§ WORK INSTRUCTIONS
All of the data should be copied exactly, with the pictures left out.

** Opening COLLECTED DATA block **

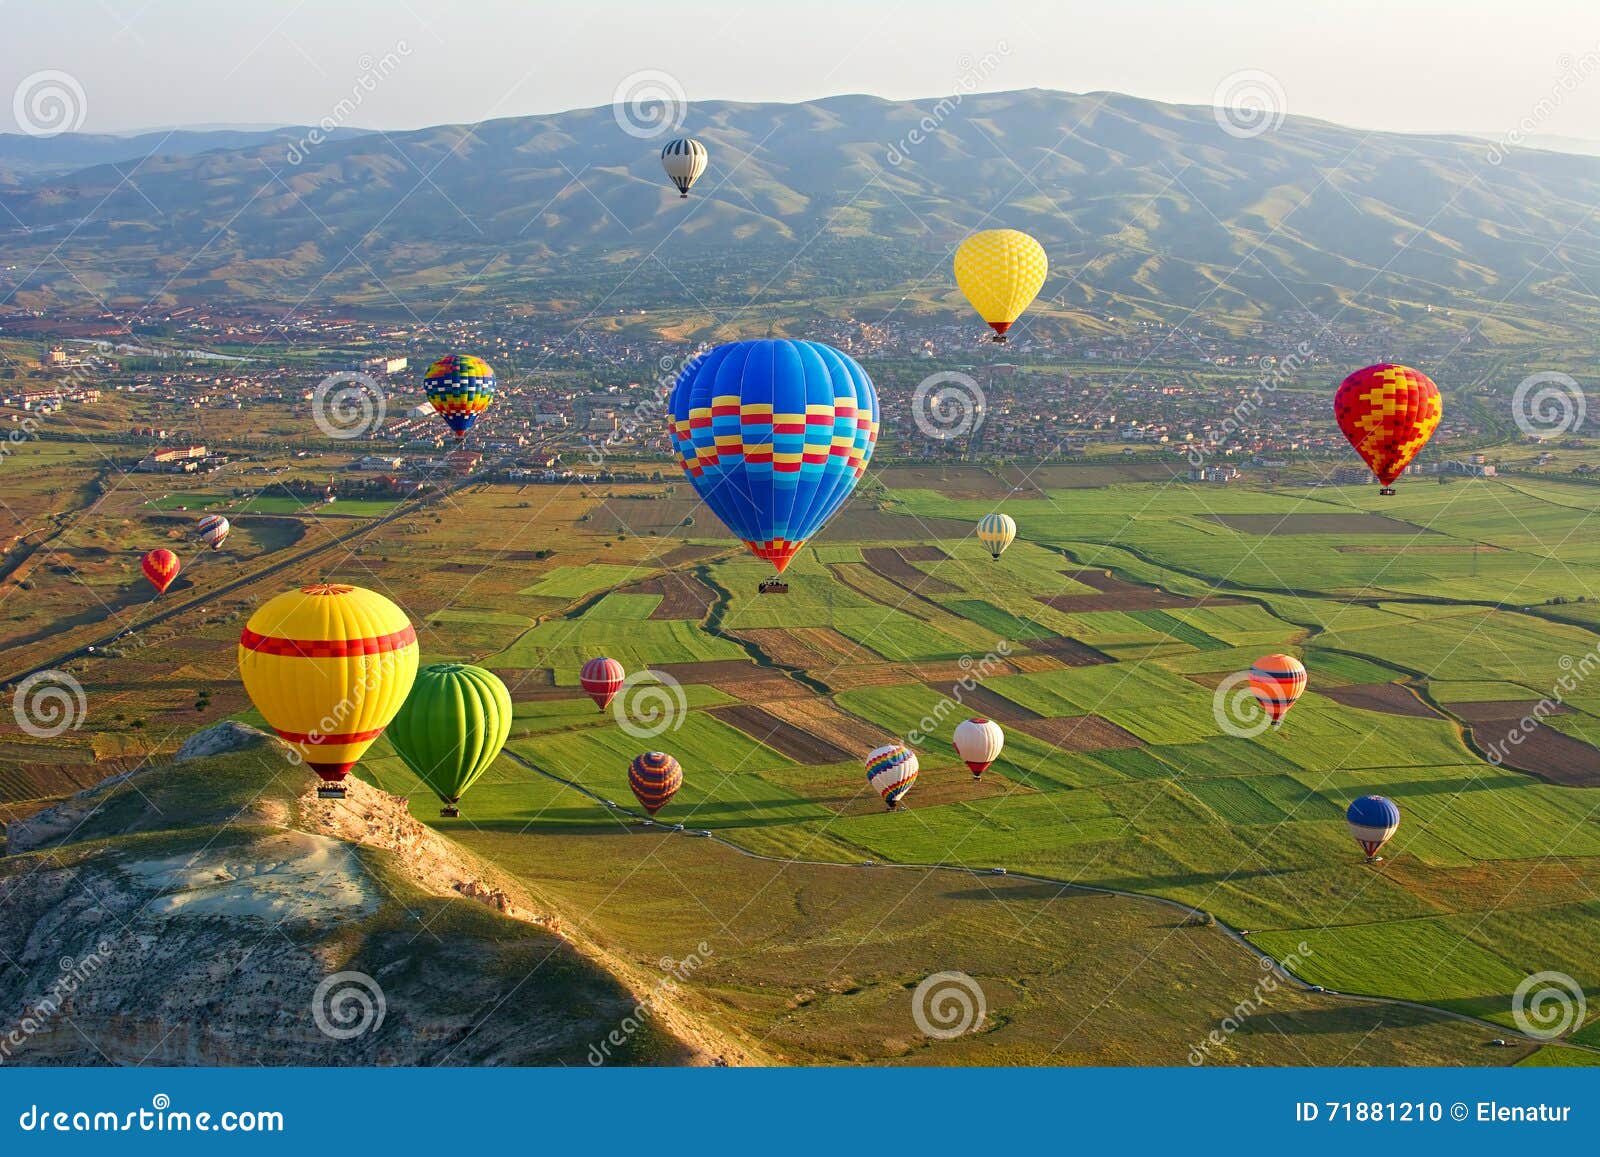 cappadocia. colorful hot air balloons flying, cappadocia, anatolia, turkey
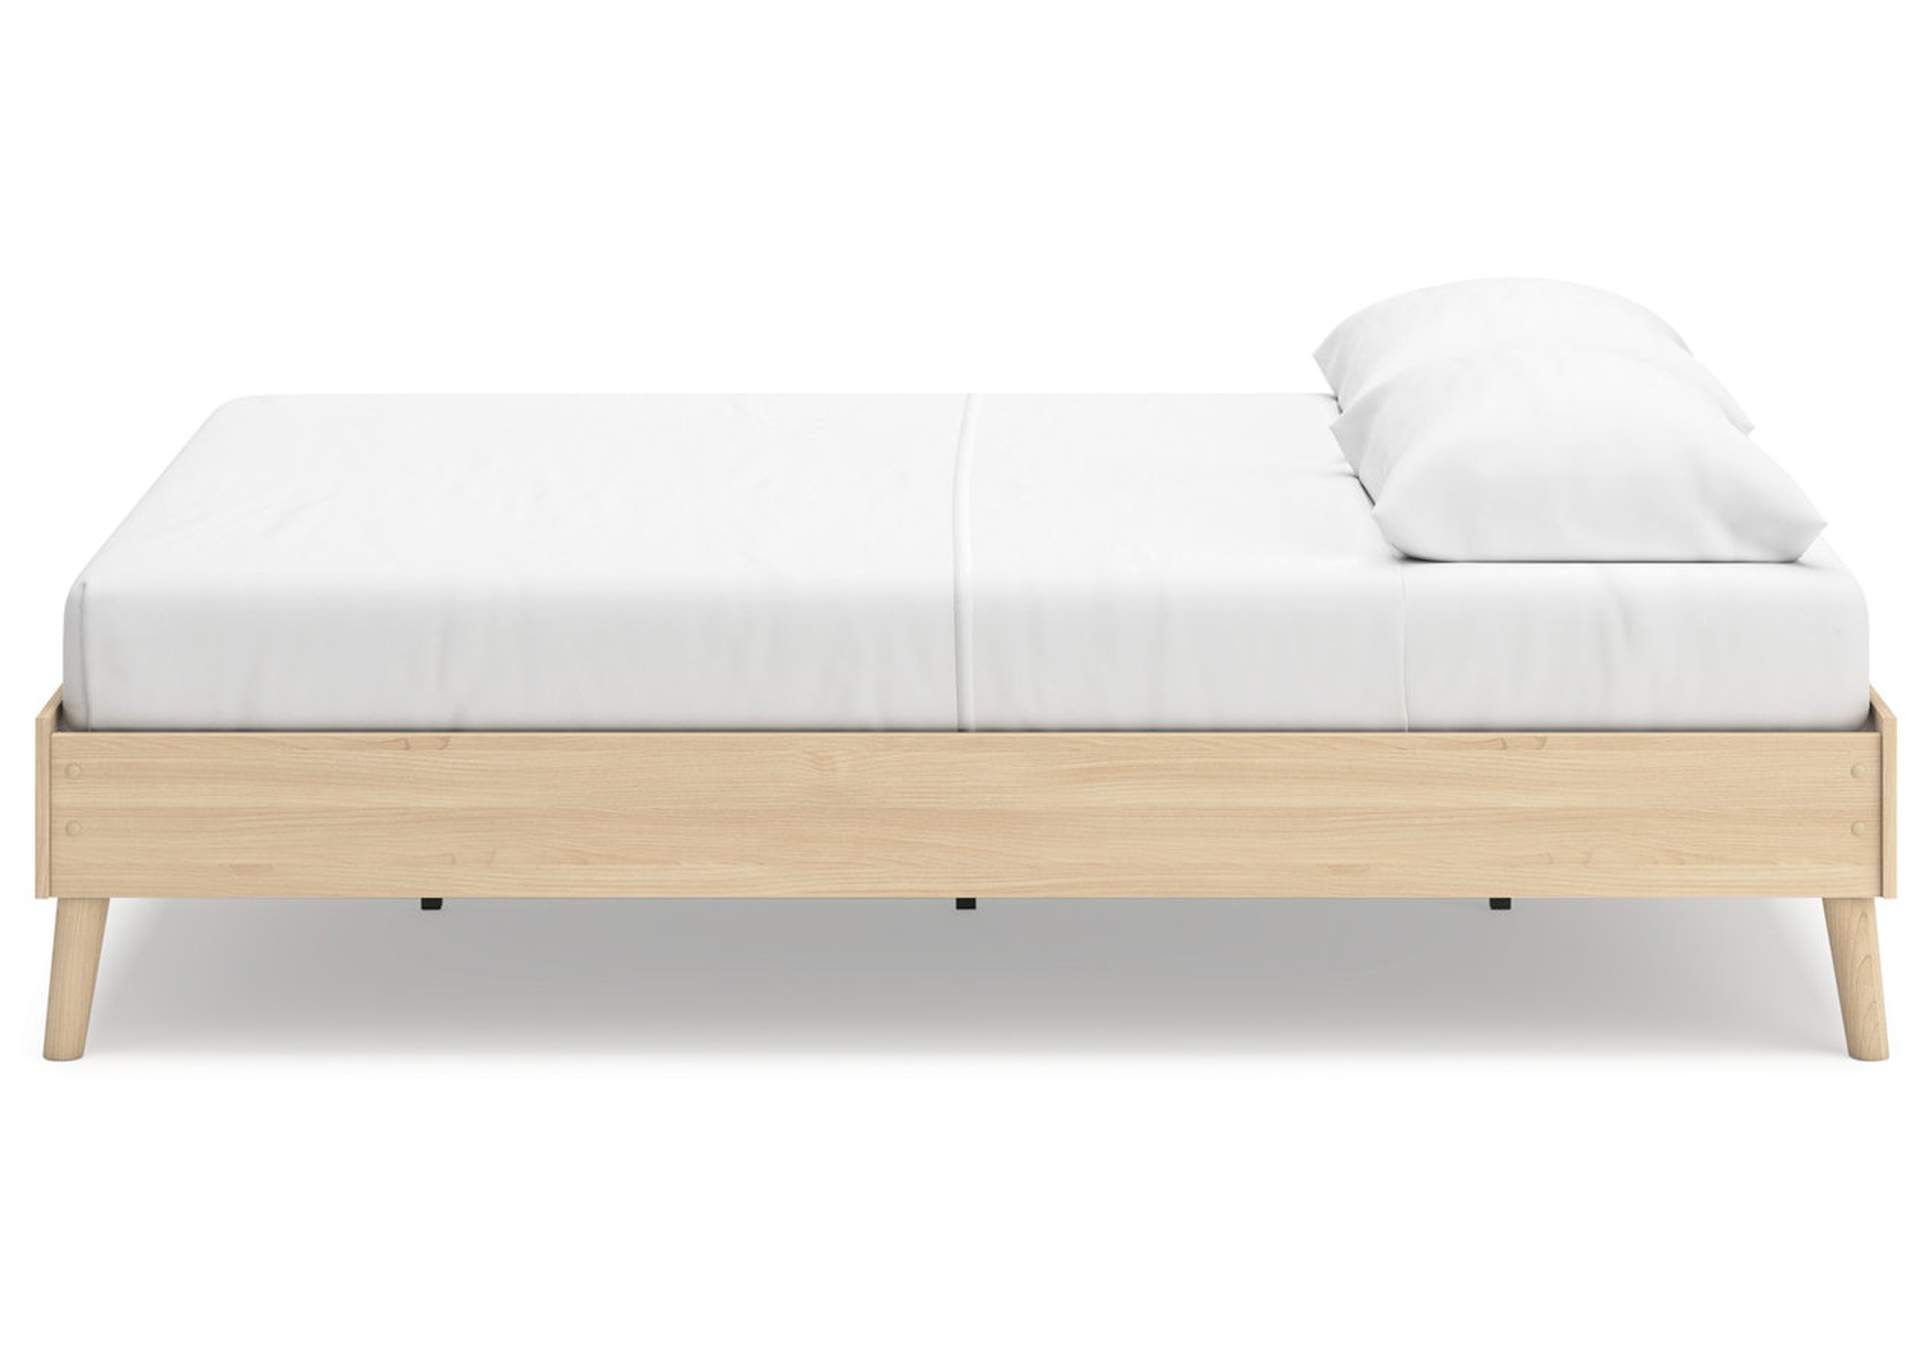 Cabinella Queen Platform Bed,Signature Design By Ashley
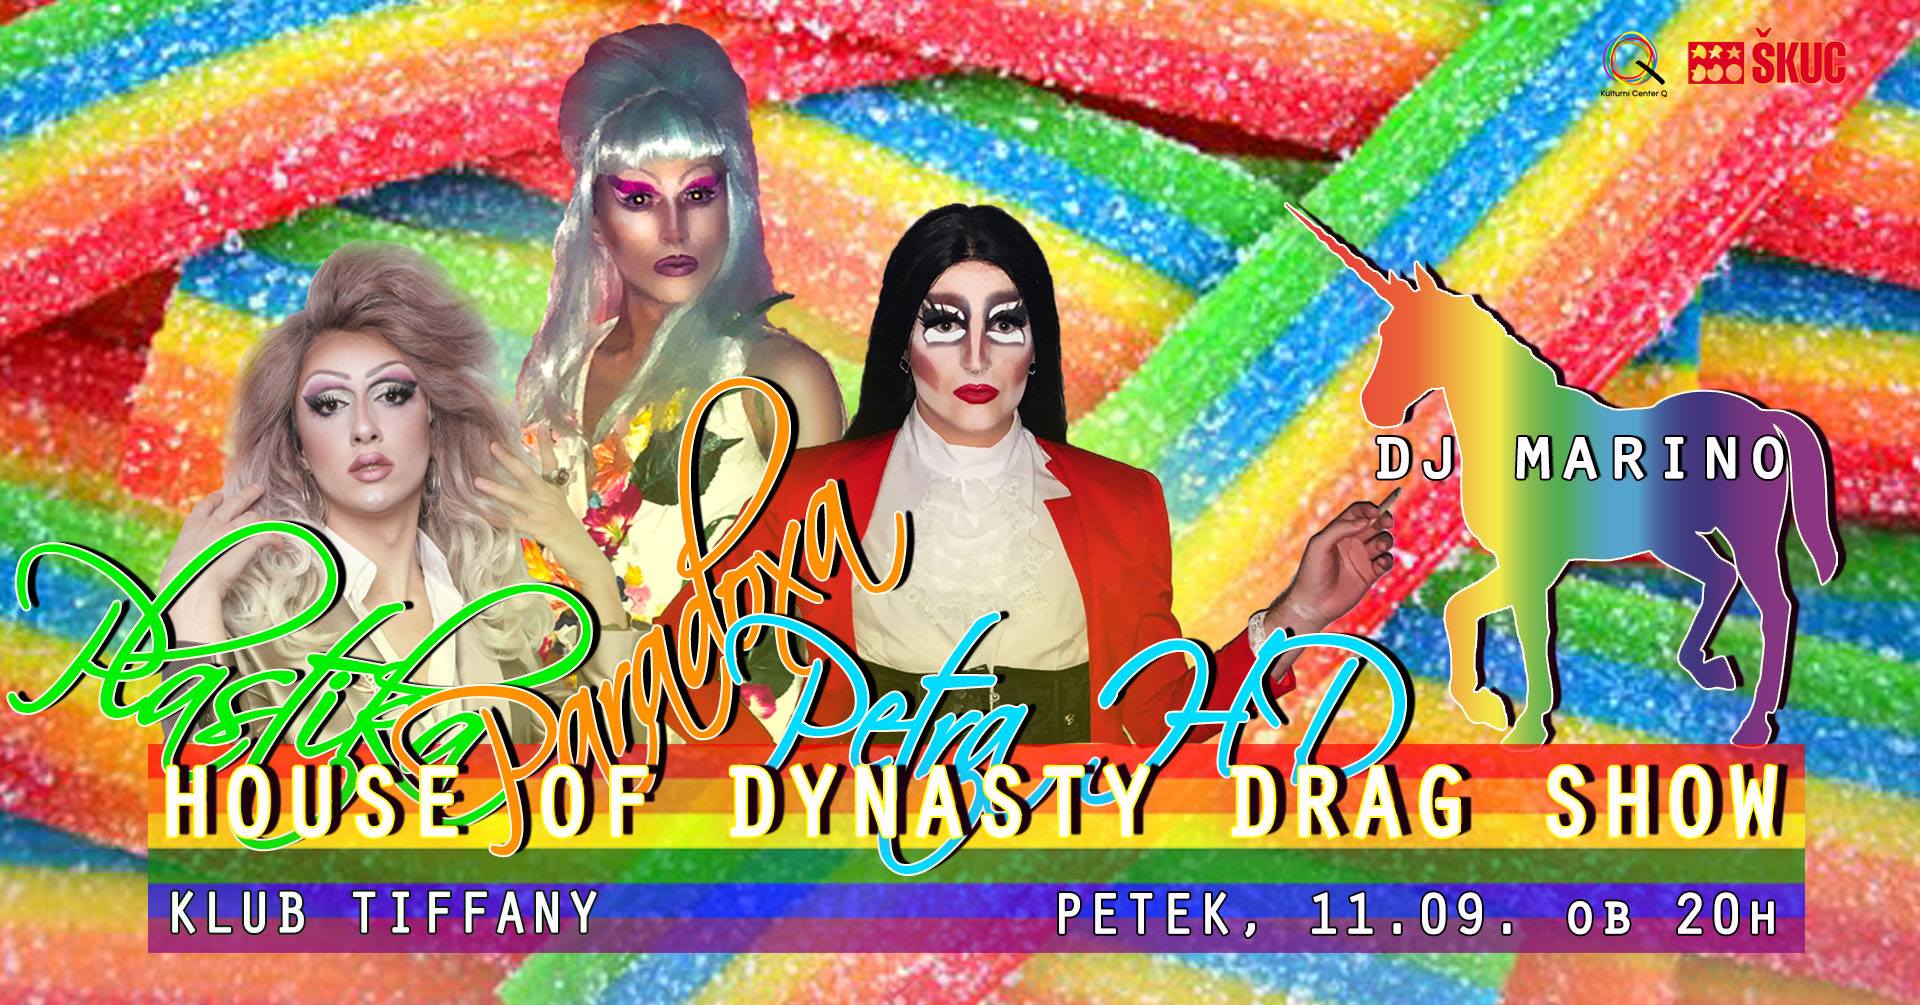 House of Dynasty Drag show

** Closing COLLECTED DATA block **

§ RESPONSE BOX
 cappadocia. colorful hot air balloons flying, cappadocia, anatolia, turkey
 Cabinella Queen Platform Bed,Signature Design By Ashley
 House of Dynasty Drag show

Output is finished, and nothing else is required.